Maybe all the in-fighting over the topic is this mis-understanding? On the one side you have the equivalent of FR people focusing on the ‘color reproduction’ saying “You can’t even see Infrared light!” or “If you adjust the color, then the two pictures are exactly the same”. But then team “timing” is talking about resolution and motion fidelity, not necessarily color reproduction.
For example. How do we determine the location of sounds? The difference in timing between when audio reaches the left and right ears. It can be as low as 10 microseconds according to this article:
https://www.sciencefocus.com/science/why-is-there-left-and-right-on-headphones
Another article mentions that humans can detect even less than 10 microseconds (3 - 5 microseconds?) of timing difference:
https://phys.org/news/2013-02-human-fourier-uncertainty-principle.html
So many things can be explained by this. Spatial Cues like staging and imaging. Transients and Textures depend on the speed of changes in frequency, not the frequencies themselves. I think those same things help in determining how detailed & resolving things seem and relate to micro and macro dynamics. It’s known that if you compare a piano note to a guitar note… it’s the brief attack characteristics, the pluck vs the hammer, that clue us into which sound comes from which instrument. I think all of the “life-like” things are mostly in timing dependent vs frequency or pitch.

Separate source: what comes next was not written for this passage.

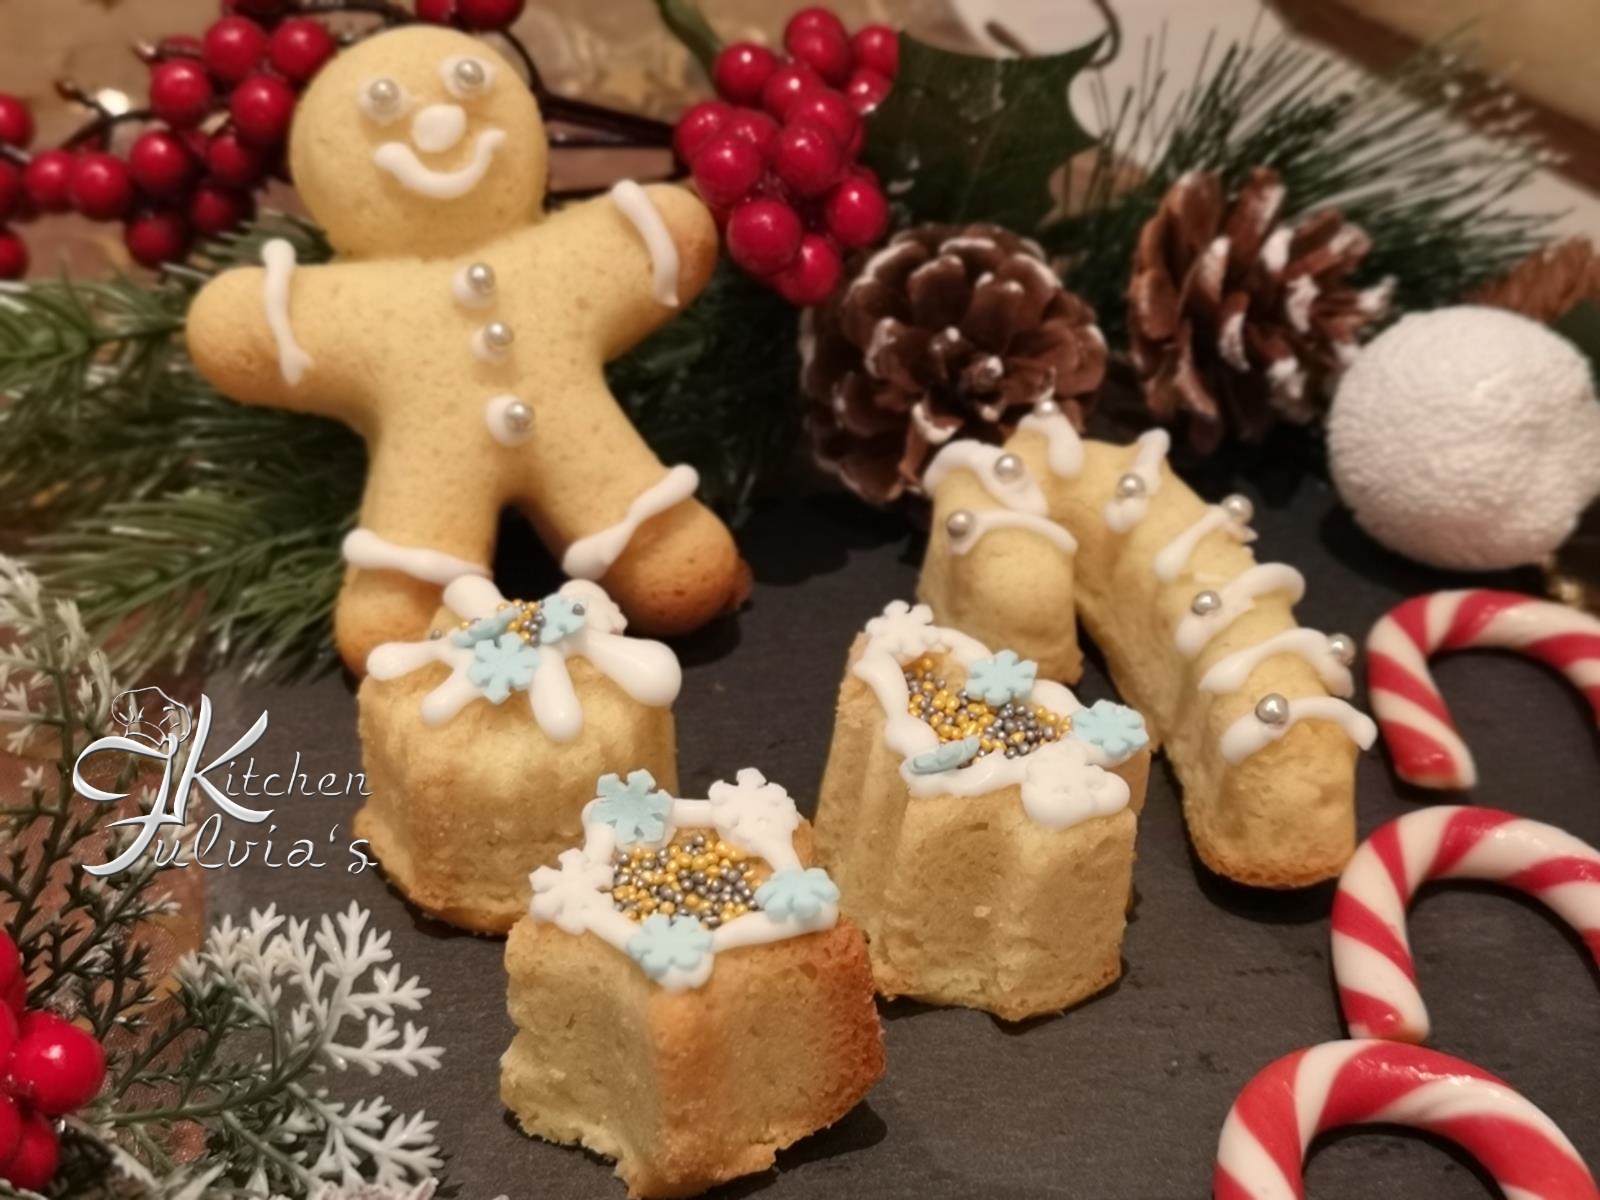 Albero Di Natale Kitchen.Biscotti Frolle Montate All Anice Stellato Per Natale La Ricetta Fulvia S Kitchen

From what I can tell… the things that make Hi-Fi gear stand out from just the cheapest gear with good EQ applied, are tied to the timing. I’ve been lucky enough to go to a Can Jam before and listened to very expensive things and everything below in terms of price. To my ears, there IS a difference and it didn’t matter what the price tag said, I wasn’t gonna buy the expensive stuff anyways… I just wanted to hear the differences for myself.
I’ve listened to things that “measure perfectly”, like the near perfect Dan Clark Stealth and Dan Clark Expanse. DC uses meta materials to help dampen and “shape” the sound and coincidently measure nearly perfect to the Harman Curve. I’ve listened to many Chi-Fi DACs and AMPs that also measure perfectly (they all use mounds of negative feedback). And to my ears, those are some of the most boring and life-less things to listen to.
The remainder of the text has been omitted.